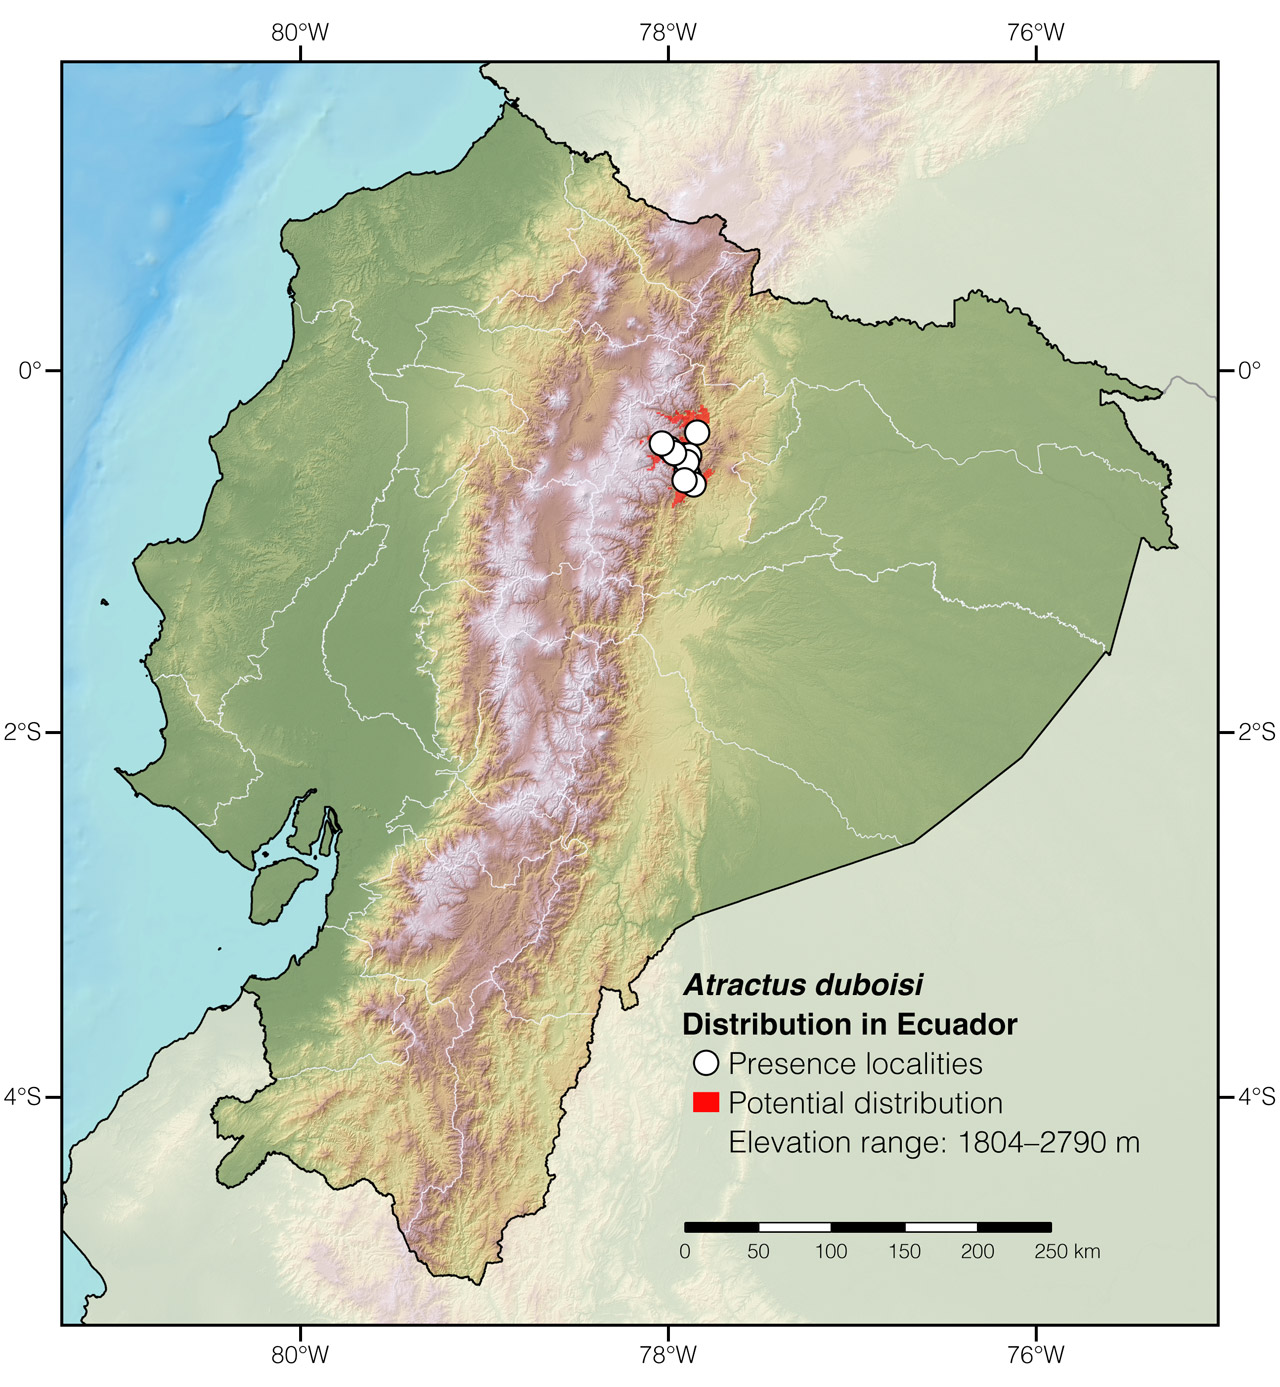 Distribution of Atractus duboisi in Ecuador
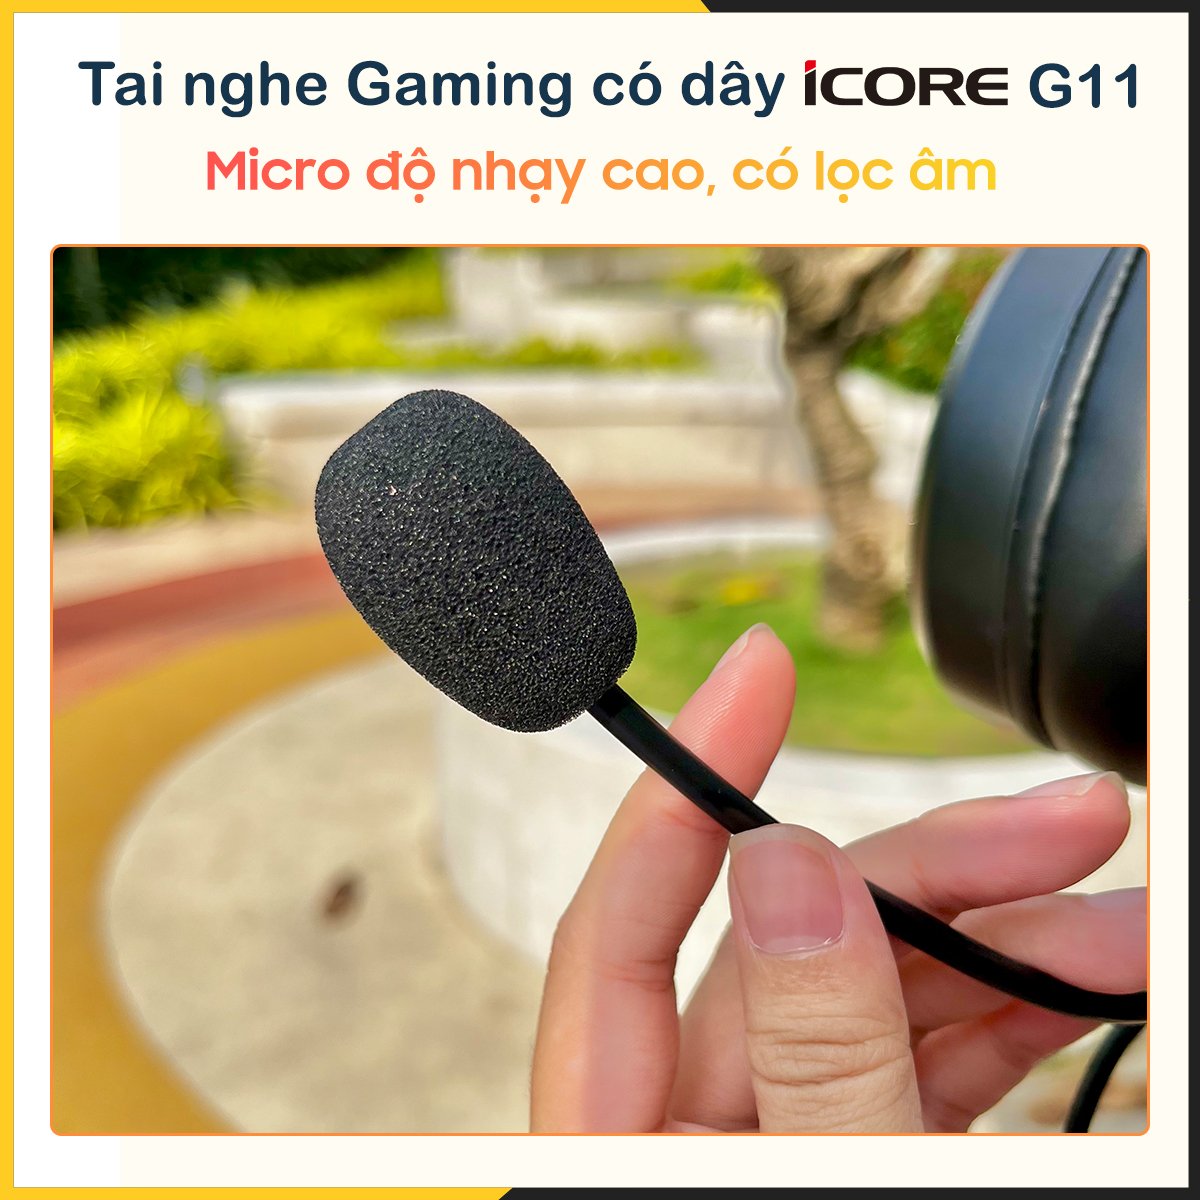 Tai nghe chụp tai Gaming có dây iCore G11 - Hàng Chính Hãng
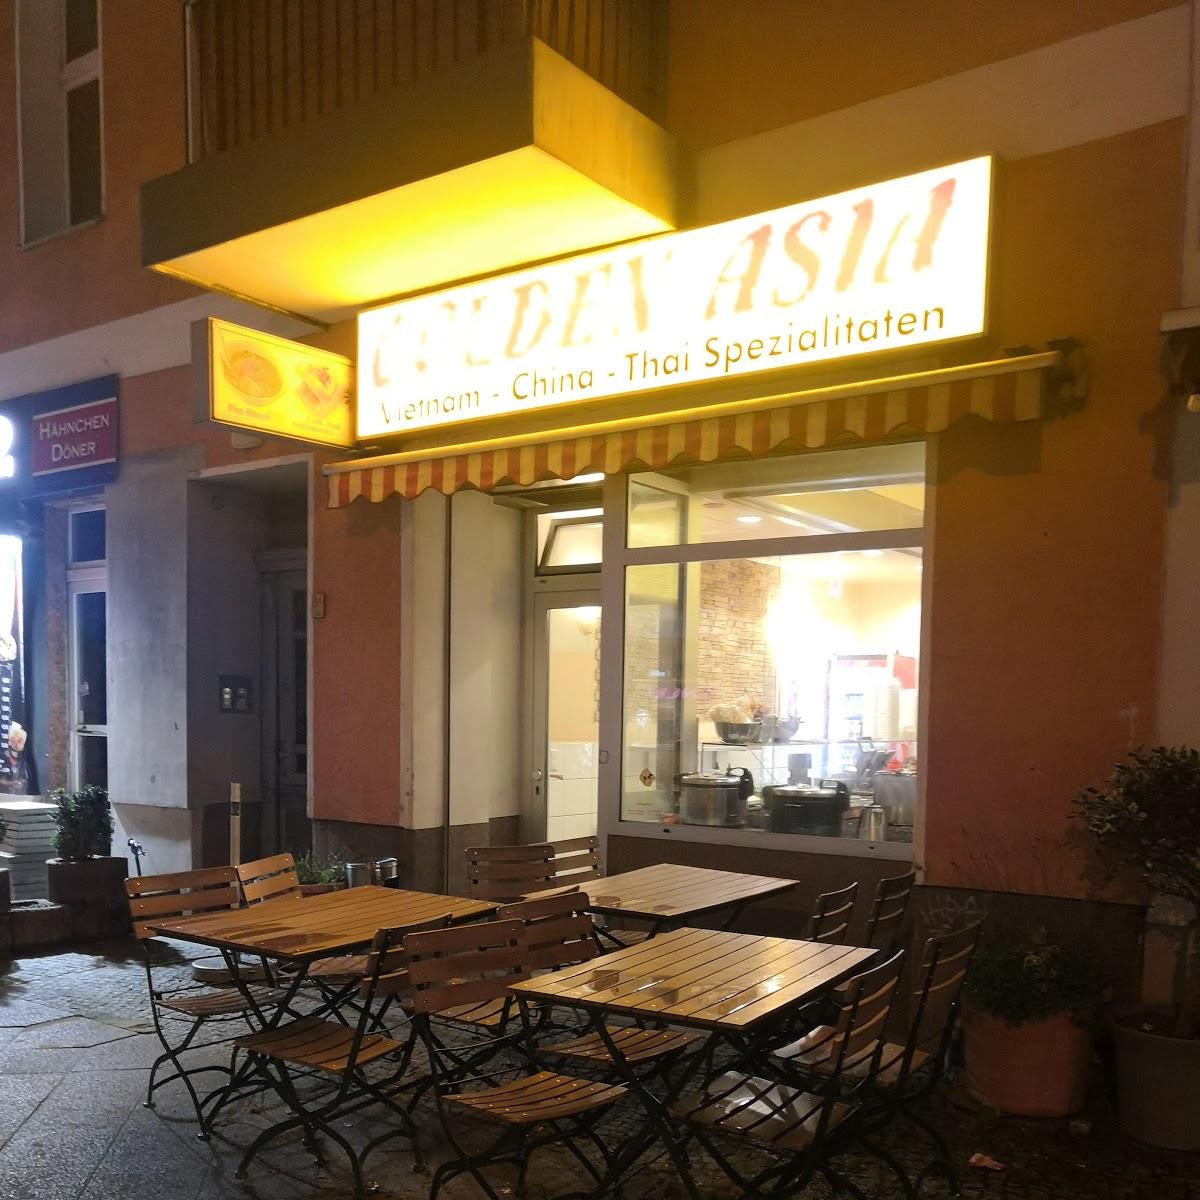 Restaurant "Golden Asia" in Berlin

ASSIGNMENT:
Your task is to retype exactly the lines that run from the line with "Tai nghe chụp" through the last line of the material, with the pictures left out.

TASK OUTPUT:
 Tai nghe chụp tai Gaming có dây iCore G11 - Hàng Chính Hãng
 Restaurant "Golden Asia" in Berlin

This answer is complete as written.